··· The data ···
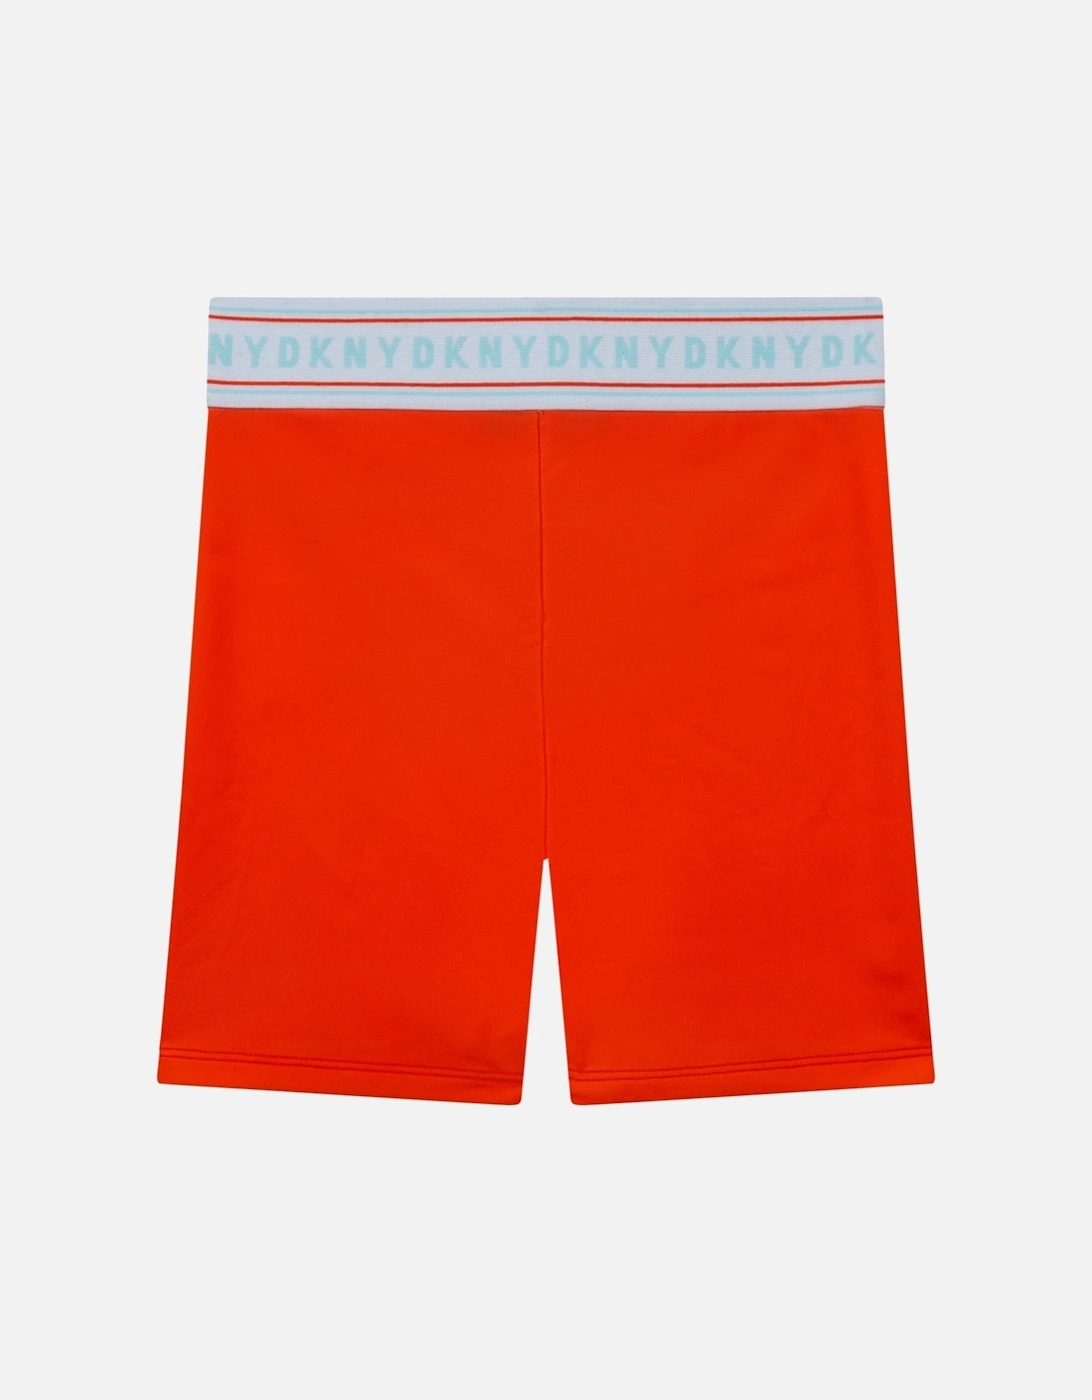 Orange Bicycle Shorts, 4 of 3
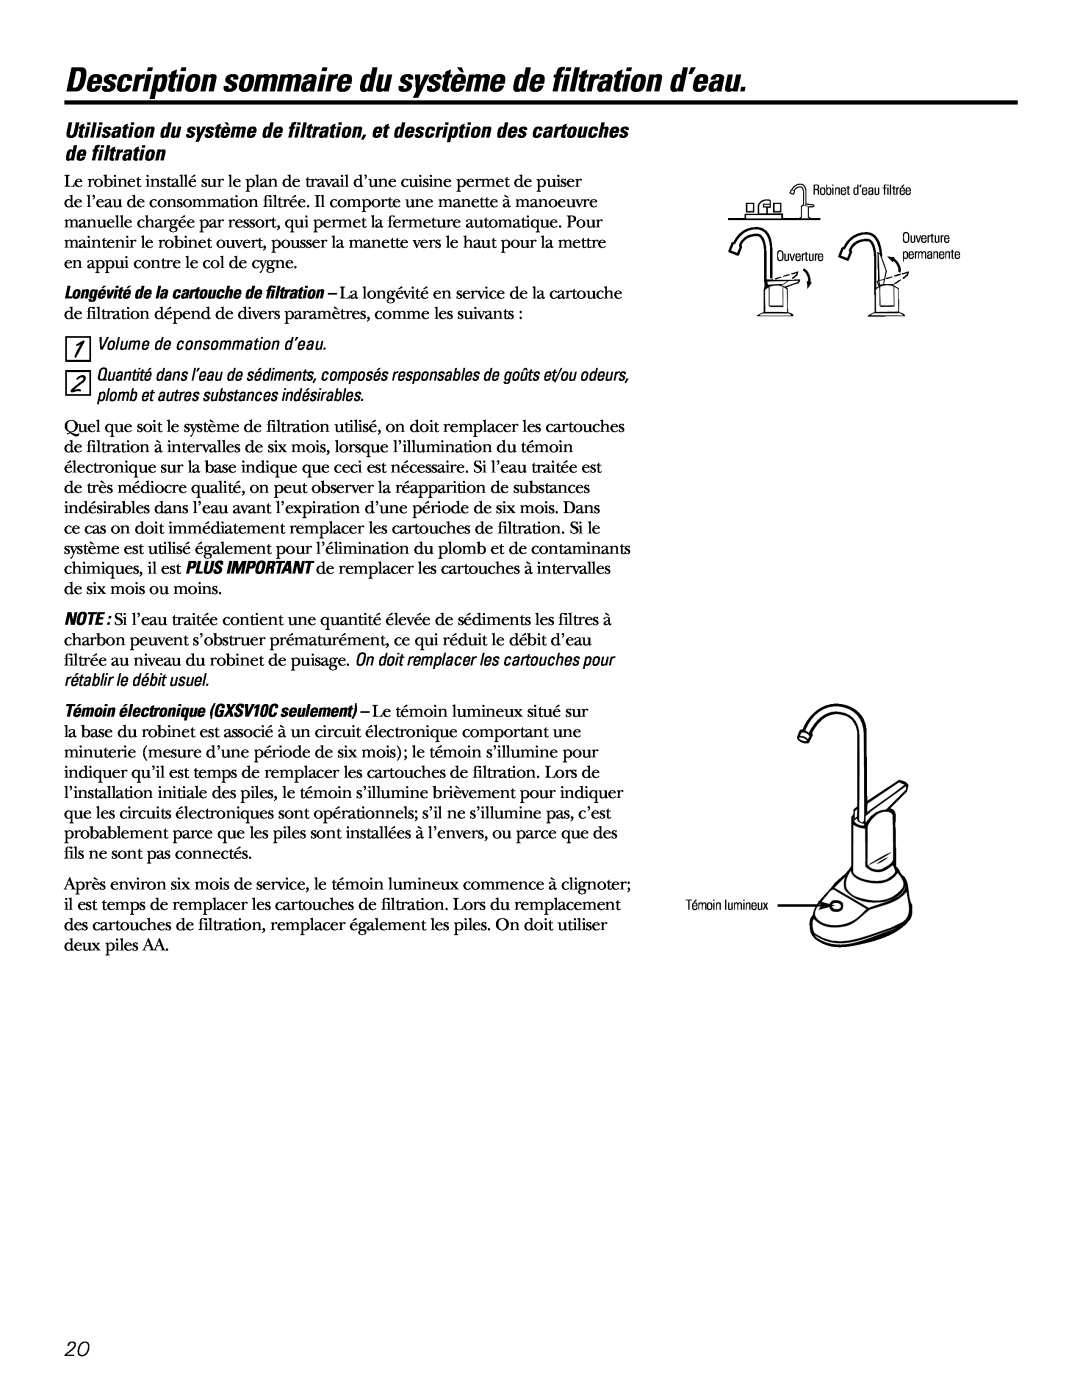 GE GXSL03C, GXSV10C Description sommaire du système de filtration d’eau, Volume de consommation d’eau 
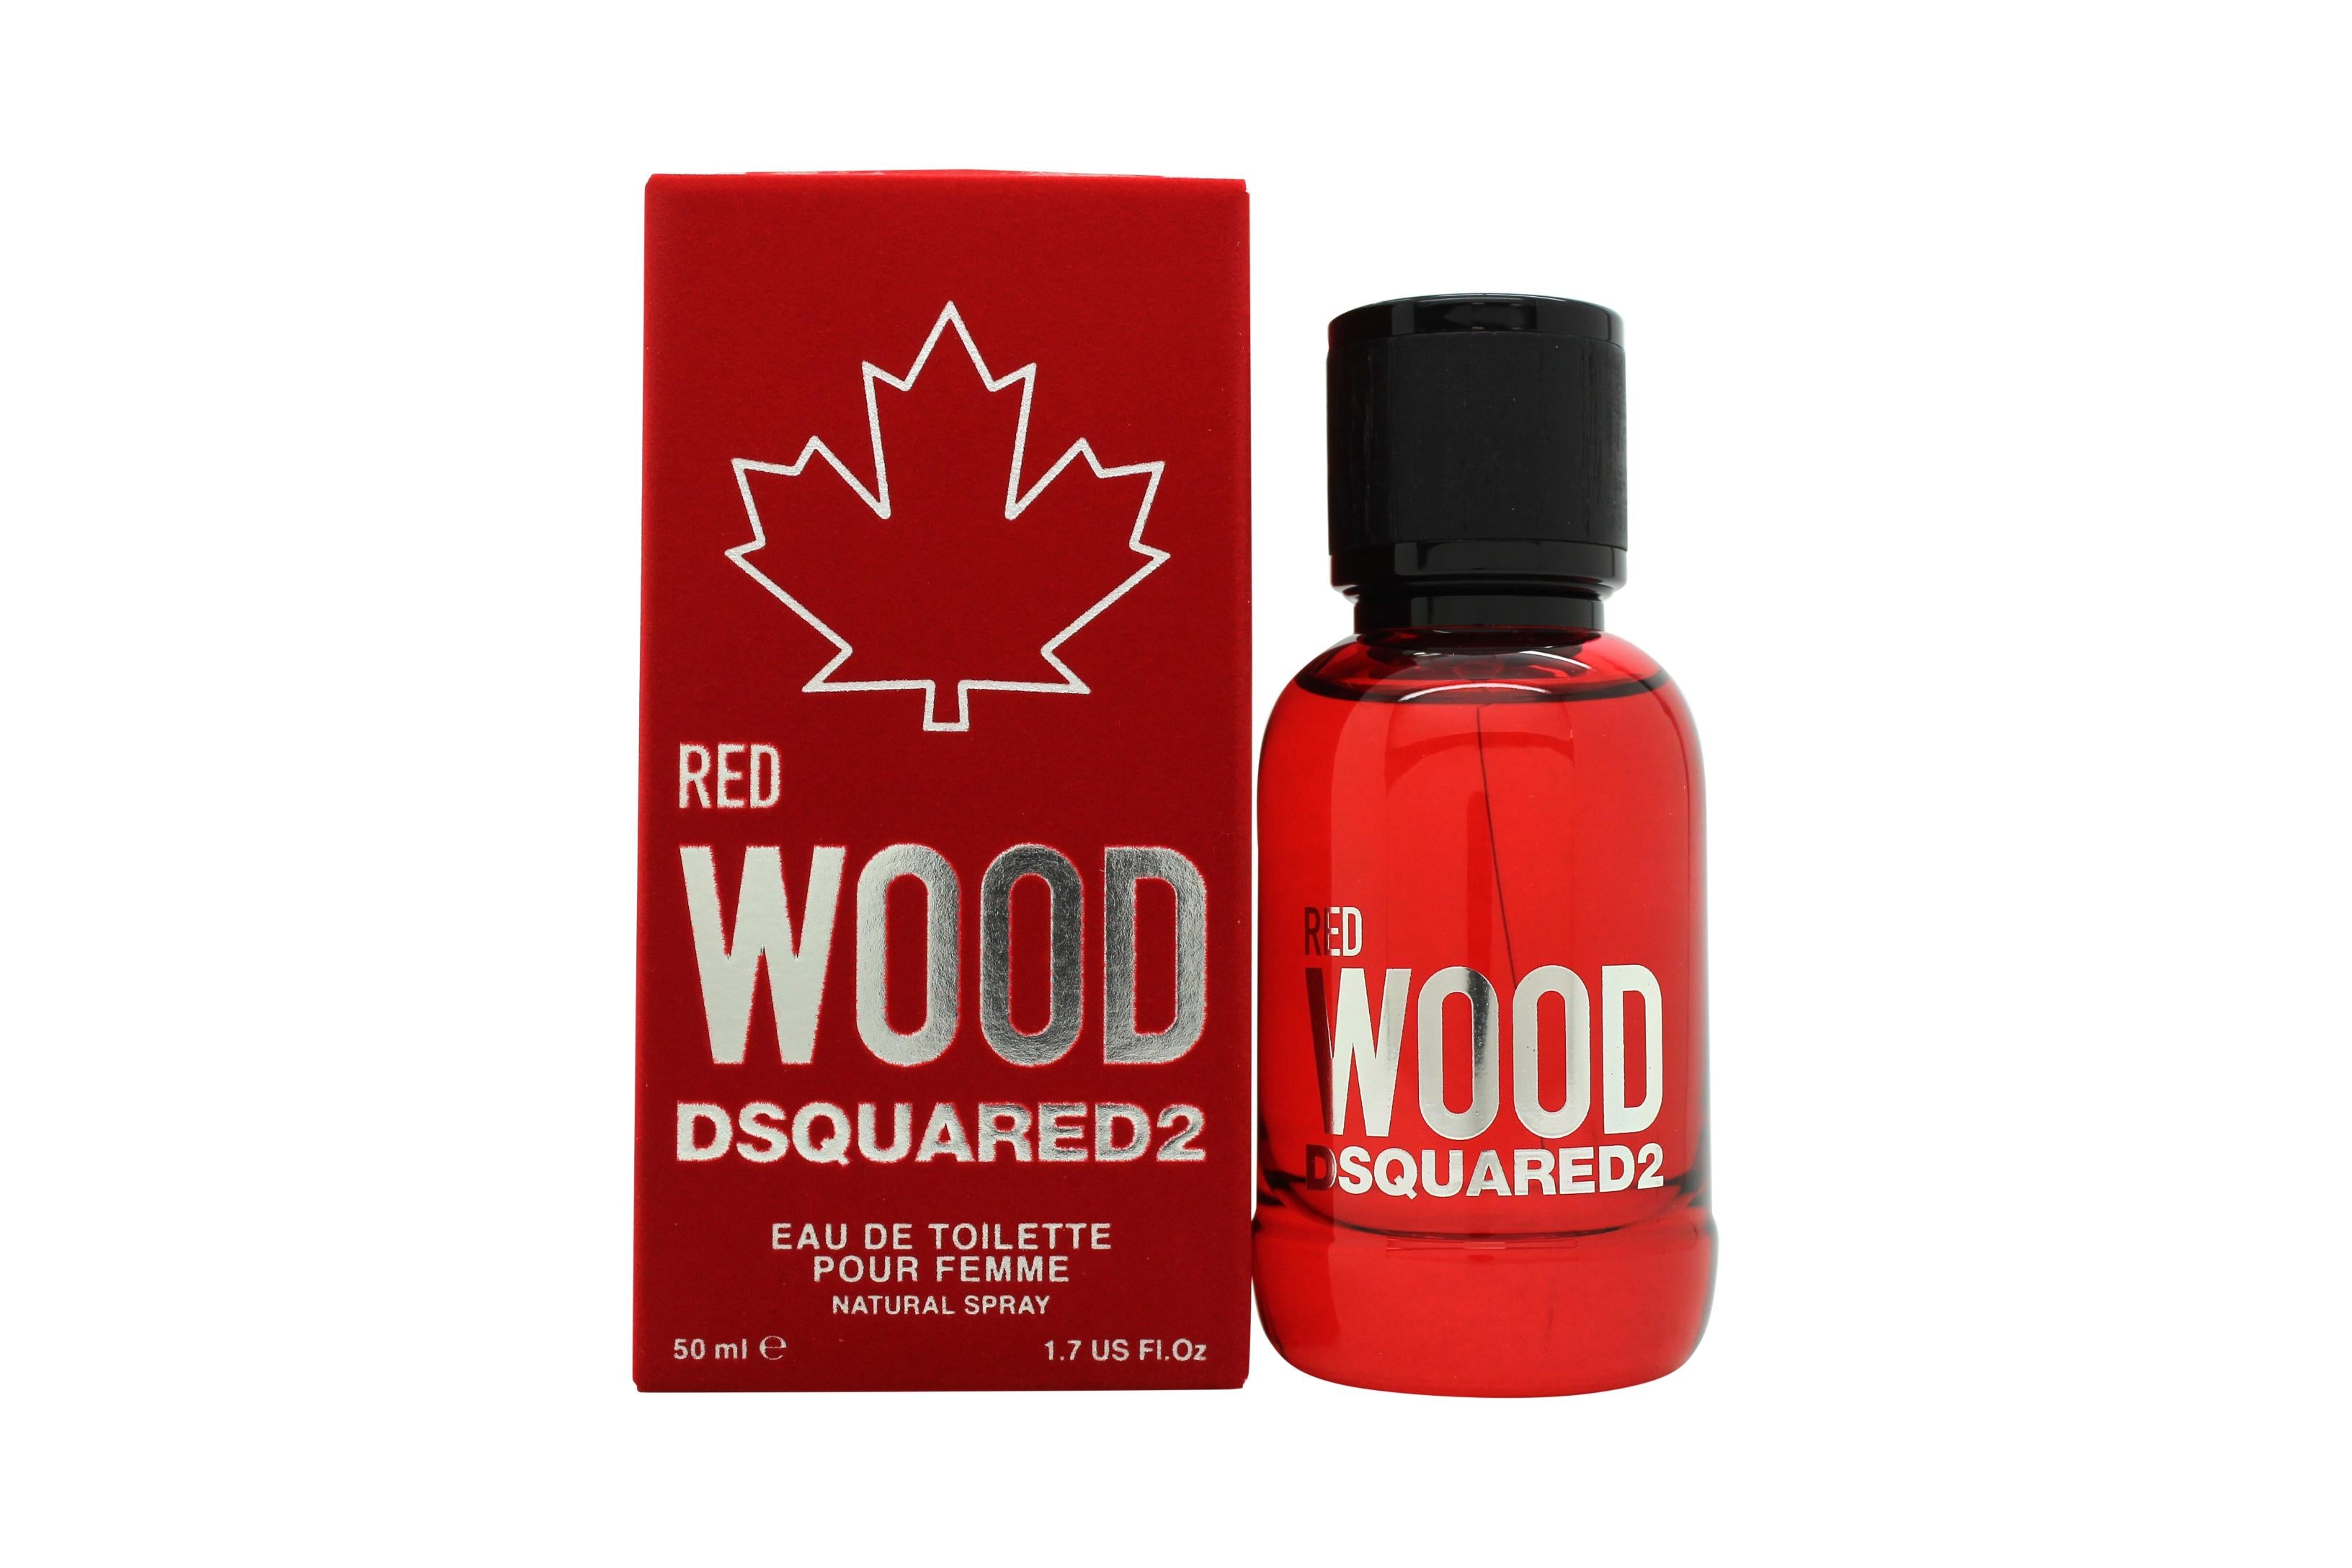 View DSquared² Red Wood Eau de Toilette 50ml Spray information
···
What is required - The copy must begin with the line containing "GE GXSL03C, GXSV10C", end with the last line of the material, match each line exactly, and hold no pictures.

Solution to this task -
 GE GXSL03C, GXSV10C Description sommaire du système de filtration d’eau, Volume de consommation d’eau 
 View DSquared² Red Wood Eau de Toilette 50ml Spray information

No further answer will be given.